4:30 p.m. – Zdunczyk continues to focus on the “business work” whole, stealing peeks at the charts and Twitter. It can be tricky to get the balance right. If you ignore Twitter, you might miss something big; if you’re too Twitter-happy, you lose focus on the real work.
5 p.m. – More charting for Inks. Much of this is for the benefit of his trading group subscribers, as opposed to his own personal trading. This is not uncommon for successful traders. While the exact specifics of other successful crypto traders will vary, they’ll often share this one thing in common:
“The actual trading only takes a few hours, and the rest of the day is packed with running their business or writing their newsletter or engaging with their community.

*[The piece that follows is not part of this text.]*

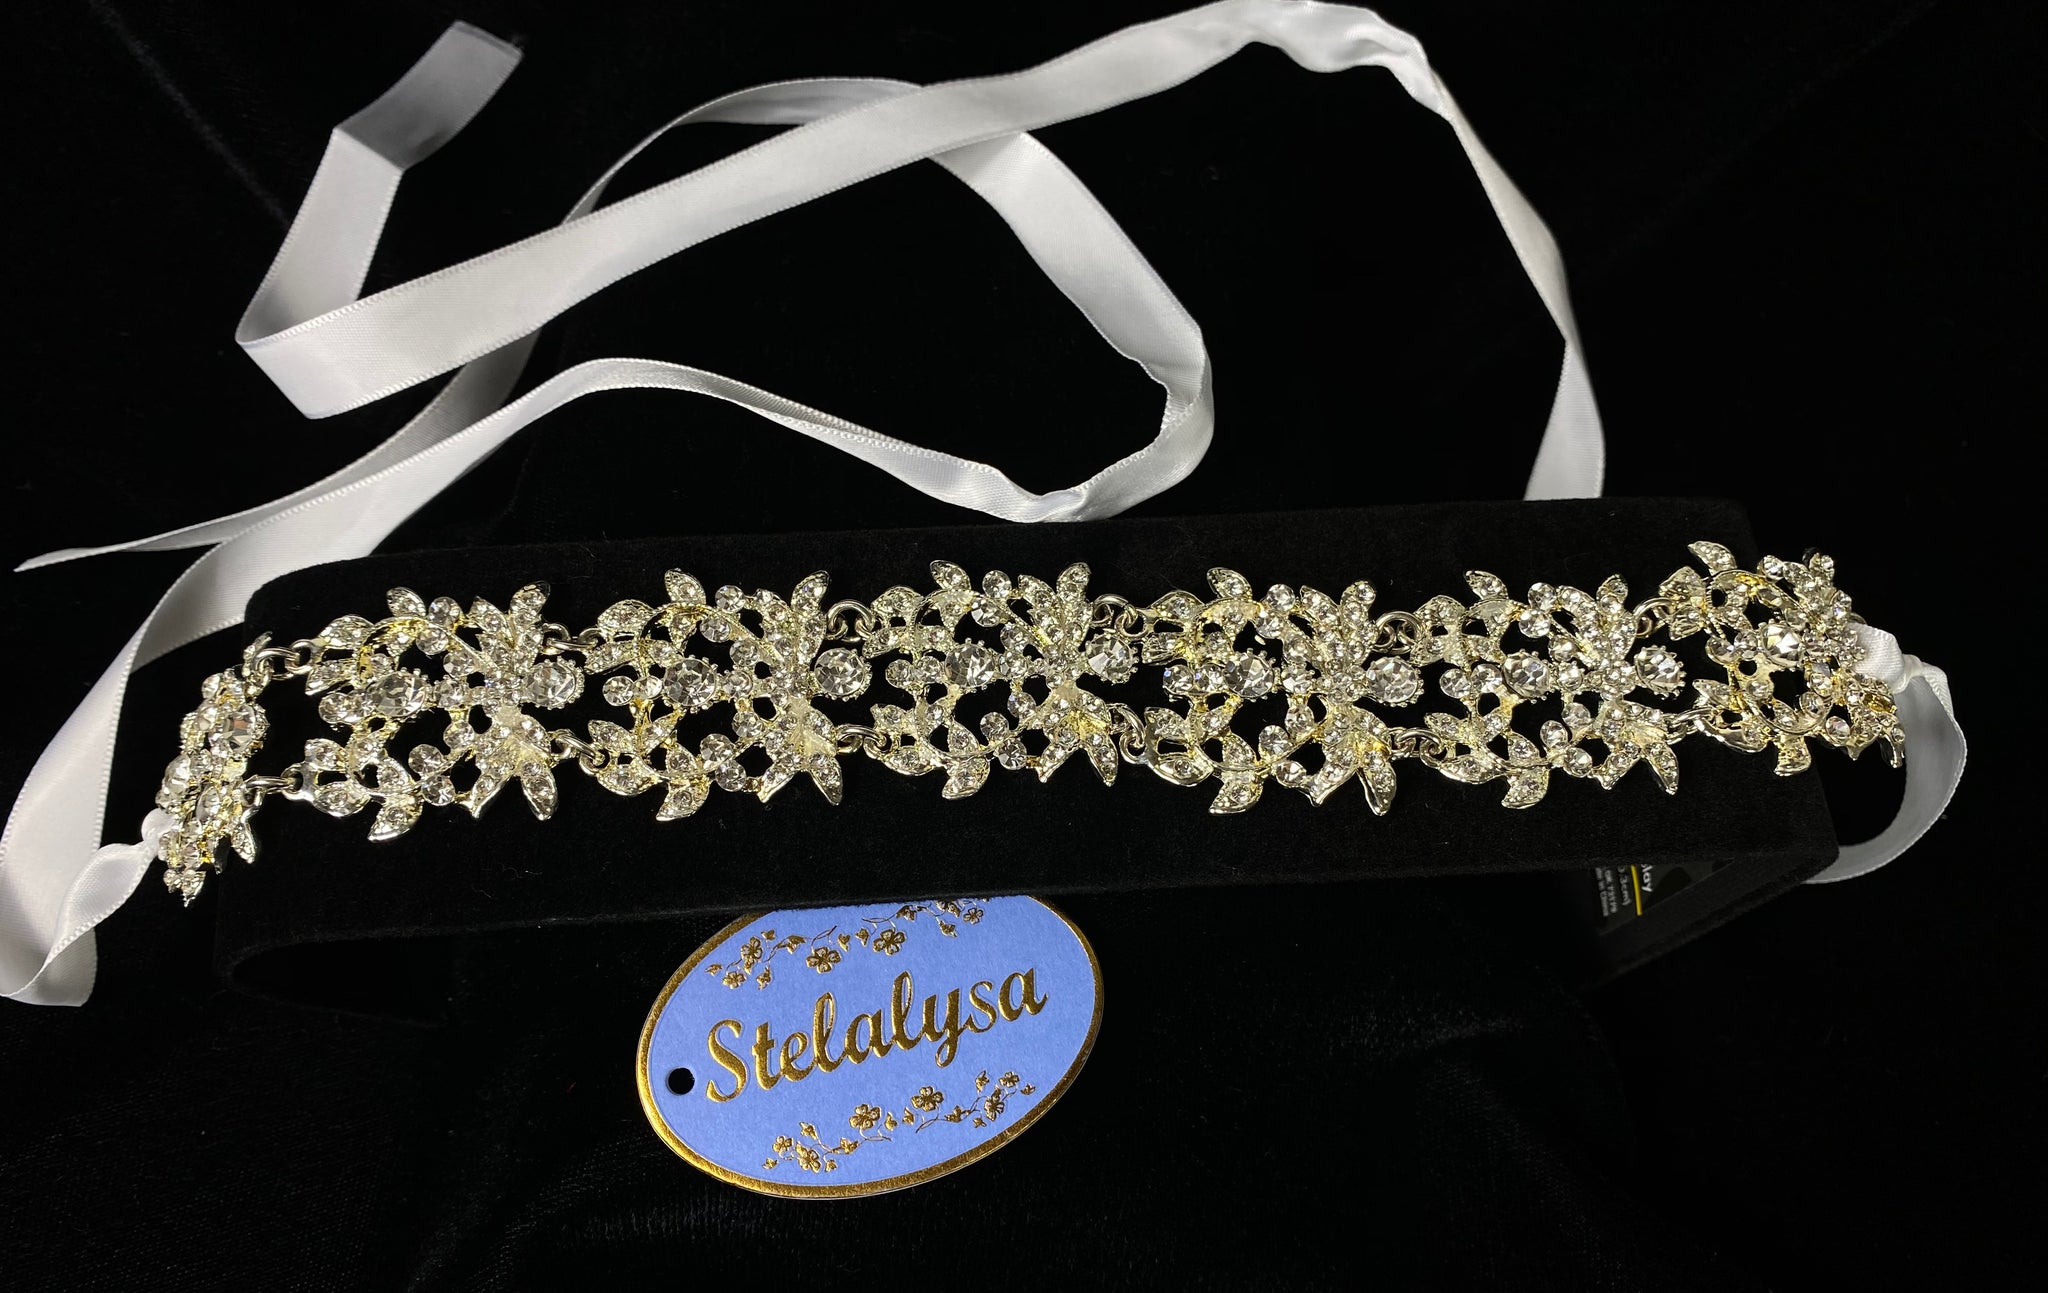 Communion Tie Back Headband   This is an elegant one-of-a-kind rhinestone headband.  Rhinestones are placed on metal with a smooth finish on back.  The headband ties with two satin ribbons giving it an elegant look.   This headband can be worn with any of the First Communion dresses.  Great look for after the ceremony.  She will look like the princess she is with this headband on her special day!

Traders aren’t always trading.”
6 p.m. – Zdunczyk hosts a livestream where he analyzes the charts, answers questions, and explains the logic of his technical analysis.
7 p.m. – Inks breaks for dinner, spends time with family.
8 p.m. – Zduńczyk has calls and meetings, conducts interviews, talks with friends on Twitter.
8 p.m. – Inks returns to the charts … and he’ll stick with them for hours. He’ll often work until 11 p.m., midnight or even 1 a.m. to study the charts and share his thoughts with the community. “At the end of the day, I tend to be a bit of a workaholic,” he says. “I have to watch that, because I do have a young son.”
10 p.m. – “I slowly detach myself,” says Zdunczyk, and spends time with his wife. He does his best to avoid the siren song of the charts but sometimes he succumbs, even when he knows he shouldn’t, even after all these years of experience, even when he knows it’s healthy. Because ultimately, Zdunczyk says, “every trader is a child at heart.”